Jefferson iniciou sua carreira no cinema com o curta “Carolina”, vencedor de três Kikitos no Festival de Gramado de 2003, sobre a vida da escritora negra Carolina Maria de Jesus, que, mesmo com poucos estudos, escreveu no final dos anos 50 um diário onde denunciava a fome, a miséria e o preconceito. Por conta dessa proposta de fazer cinema, Jefferson logo firmou-se como uma espécie de “Spike Lee brasileiro”. Mas o próprio diretor ressalta que há grandes diferenças entre a forma como a questão racial é tratada aqui e nos Estado Unidos. “Lá [nos Estado Unidos], negro é negro, e branco é branco. Aqui ninguém assume a própria cor. Todo mundo se diz mulato”. Para Jefferson, isso dificulta a discussão sobre o preconceito e as desigualdades.
Homenagem a Leon Hirszman
Em “Bróder”, Jefferson promete retomar essa questão de uma forma bastante atual, onde negros e brancos disputam contas “raciais” em universidades, entre outros assuntos polêmicos. Afinal, dessa vez, o protagonista de seu filme é um ator branco (Caio Blat) que, no entanto, representa um personagem que se diz negro. “Coloquei isso para dar confusão mesmo. Quero que as pessoas estejam atentas ao que eu estou dizendo”. Além disso, o filme também pretende chamar a atenção para a periferia da cidade de São Paulo. Conhecido como uma das áreas mais violentas de São Paulo, o Capão Redondo é o pano de fundo de todas as ações que se desenrolam ao longo do filme.

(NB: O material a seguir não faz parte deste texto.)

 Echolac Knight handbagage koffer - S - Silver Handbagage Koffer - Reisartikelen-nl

Capão Redondo foi escolhido como locação devido à afinidade que Jefferson criou com o bairro através de amigos da faculdade que moravam lá. Ele afirma que a comunidade cooperou com as gravações, ajudando a isolar locais de filmagem e até contribuindo com peças de figurino das personagens. Para o cineasta, “Bróder” é uma espécie de neto de “Eles Não Usam Black-Tie”, filme de Leon Hirszman, adaptado da peça homônima de Gianfrancesco Guarnieri e lançado em 1981. “Eu quero mostrar a periferia como ela é hoje. É como uma retomada daquele retrato que foi feito lá atrás”.

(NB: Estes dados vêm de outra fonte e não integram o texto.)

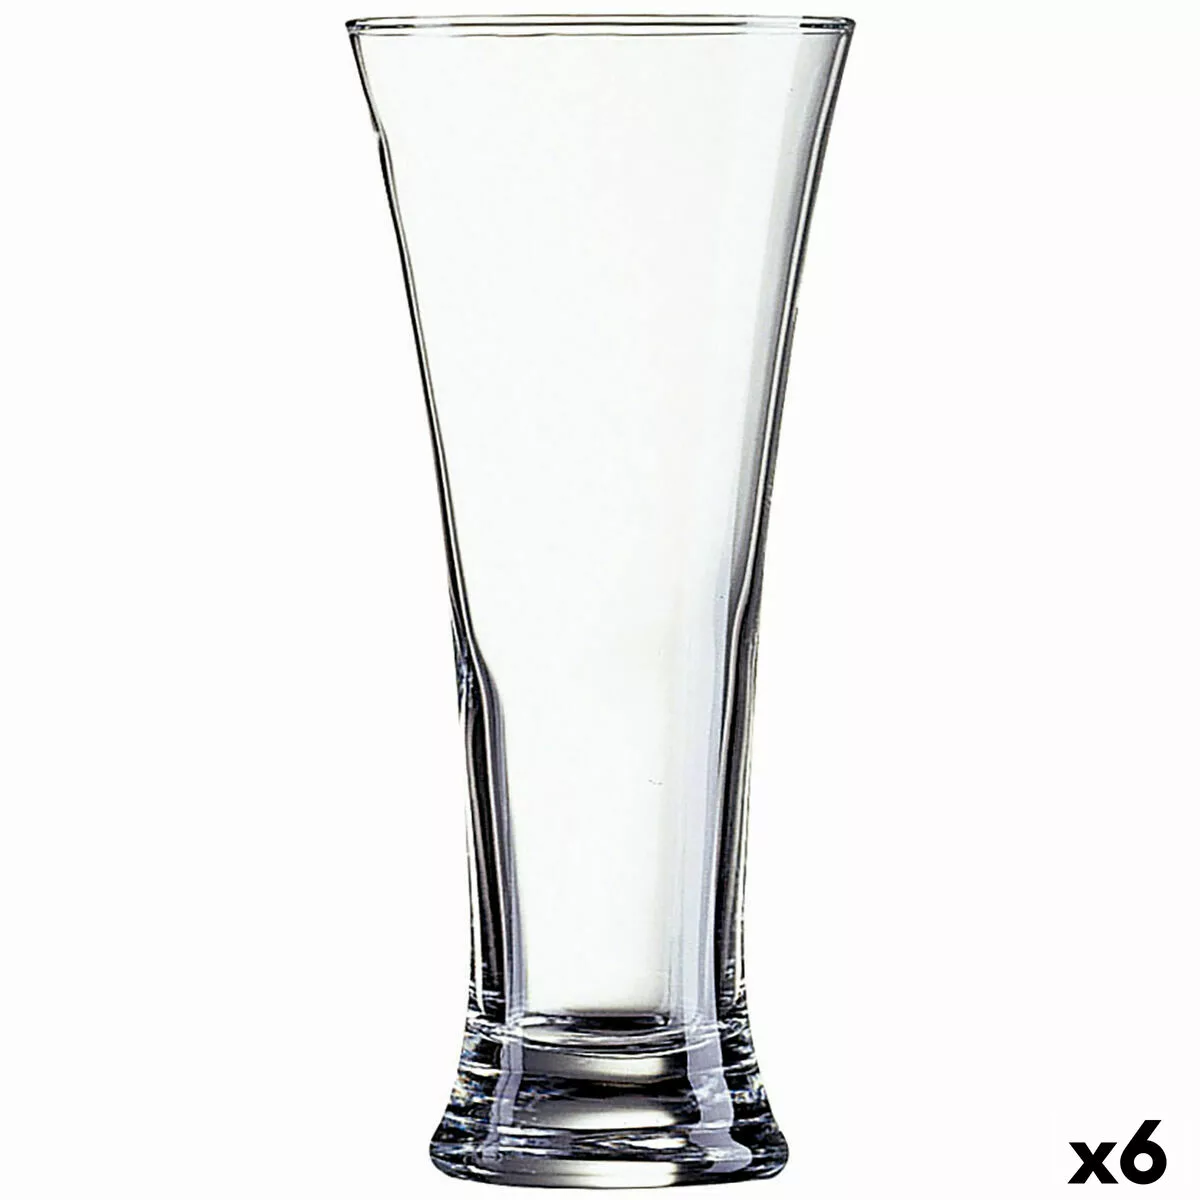 Becher Luminarc Martigues Durchsichtig Glas (330 Ml) (6 Stück) günstig online kaufen

Para que essa representação fosse realizada com a maior fidelidade possível, os atores se dedicaram de corpo e alma aos papéis. Caio Blat se mudou para o Capão Redondo para entender melhor o ambiente onde vivia Macu, seu personagem no filme. Já Cássia Kiss fez diversas visitas à região e passou um bom tempo caminhando pelas ruas do bairro ao lado do diretor. Jefferson cita essa relação com seu elenco como uma das grandes diferenças entre dirigir um curta e um longa-metragem. “Tive o privilégio de trabalhar com atores magníficos, o que exige muito do diretor”.

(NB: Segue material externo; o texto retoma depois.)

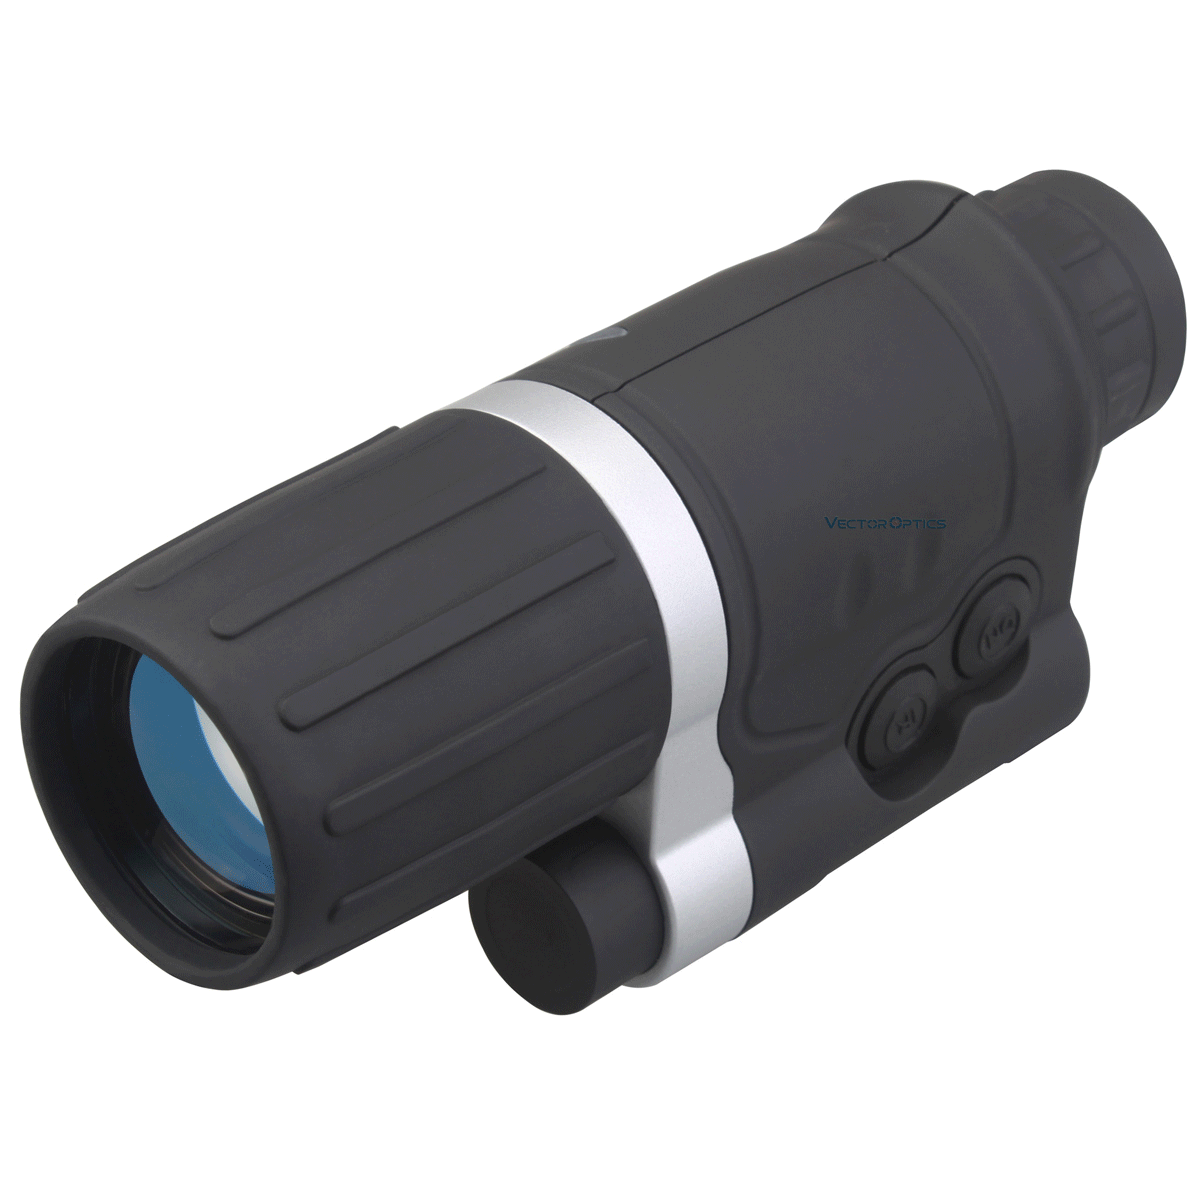 Векторная оптика 3X42 3x увеличение Gen 1 инфракрасный ИК монокуляр ночного видения прицел охота

Um dos pontos centrais do enredo, além das questões socioeconômicas e raciais, é a relação de amizade existente entre os personagens Macu, Pibe (Silvio Guindane) e Jaiminho (Jonathan Haagensen). É essa amizade, que se assemelha à relação entre irmãos, que justifica o título da obra. O reencontro dos três ocorrerá exatamente no momento em que Macu se envolve no planejamento de um sequestro – enquanto sua mãe prepara uma grande festa de aniversário para ele. Mas, apesar de o enredo envolver elementos da criminalidade, Jefferson afirma que “Bróder” não é um filme sobre violência e diz se orgulhar de não ter gravado nenhuma cena contendo consumo de drogas, sexo ou tiroteios.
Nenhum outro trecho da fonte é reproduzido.